A high temperature resistance and hyper-dispersed nanoparticle grafted by multi-monomer via in-situ polymerization: Preparation, characterization, and its imbibition performance

In recent years, the excellent cleaning-oil capacity of nanofluid has attracted extensive attention and it has been widely used in oilfields as an imbibition agent. To solve the poor dispersion stability of nanoparticles in high-temperature and high-salt reservoir, this paper has prepared a hyper-dispersed nanoparticle, polymer grafted nanosilica (PNS) that is anti-salt monomer and anti-temperature monomer simultaneously grafting on the surface of nanosilica via in-situ polymerization reaction. Its imbibition performance has been discussed. Results show that (1) The two monomers are all successfully grafted on the surface of nanosilica via optimization of in-situ polymerization reaction conditions.
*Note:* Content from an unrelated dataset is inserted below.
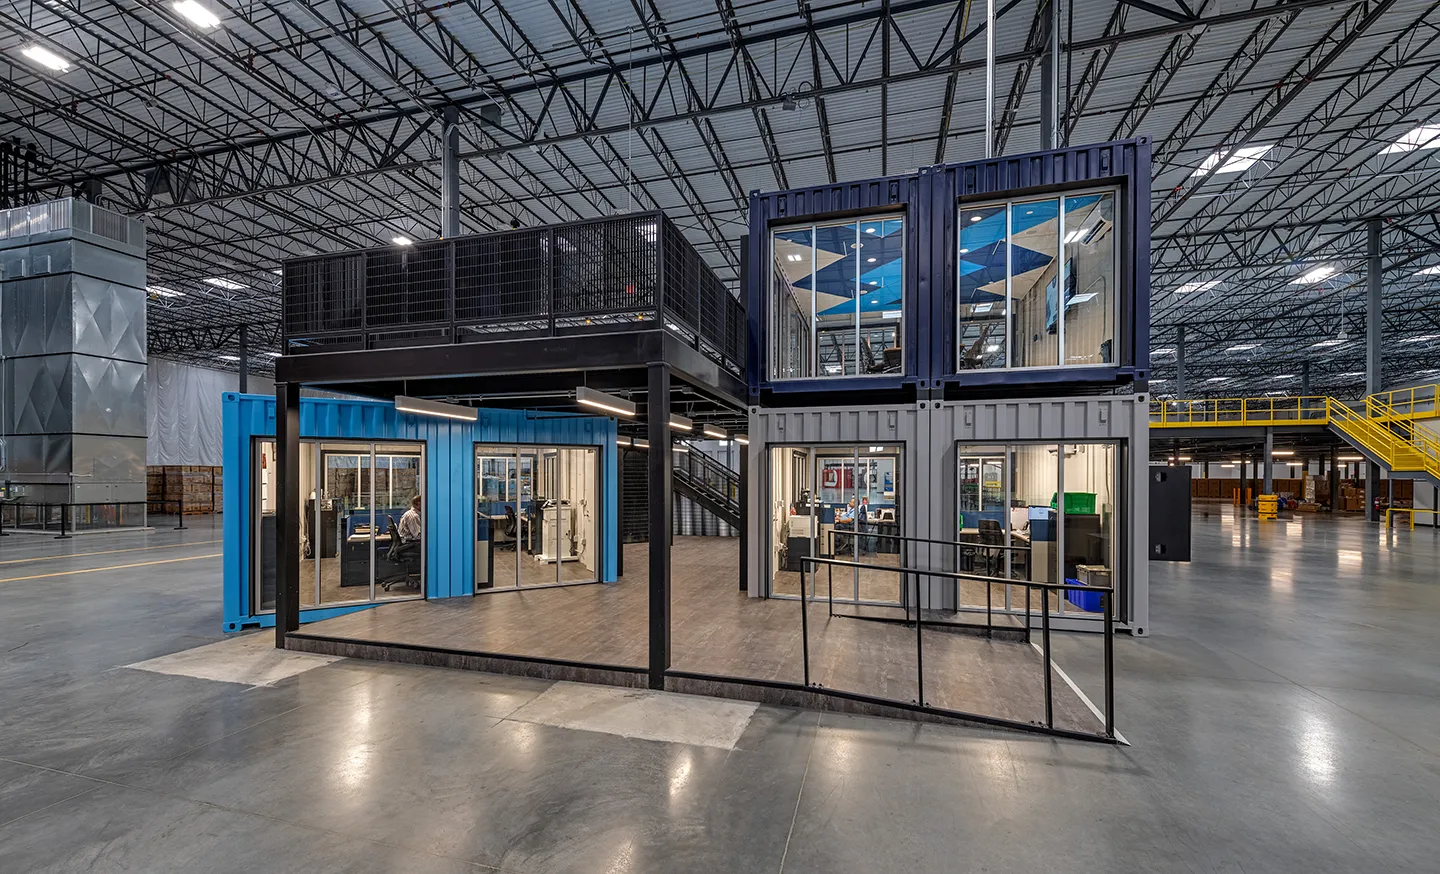 The client had a vision of using shipping containers to add office space, restrooms, and conference space to the large warehouse.

This hyper-dispersed nanoparticle has 14.5% final grafting rate, approximately 18 nm in particle size, and -41.2 mV of zeta potential; (2) PNS fluid has excellent dispersion stability and its grain size has no obvious change in 20 wt.% of NaCl or 4 wt.% of CaCl2 fluids at room temperature (25 degrees C), as well as in 18 wt.% of NaCl or 4 wt.% of CaCl2 fluids at 130 degrees C after 1 week; (3) Crude oil-water interface tension can be decreased and the hydrophilicity is significantly boosted by this PNS fluid. Meanwhile, the 10-3 mN/m of interface tension can be obtained and the contact angle of water phase is decreased to 12.8 degrees by surfactant erucamide propyl hydroxysulfobetaine (EHSB) synergizing with PNS fluid; (4) Oil recovery efficiency replaced by PNS in surfactant fluid has reached 39.3%. That is mainly because the hyper-dispersed nanoparticle provides a stronger spreading force to enhance the efficiency of cleaning oil.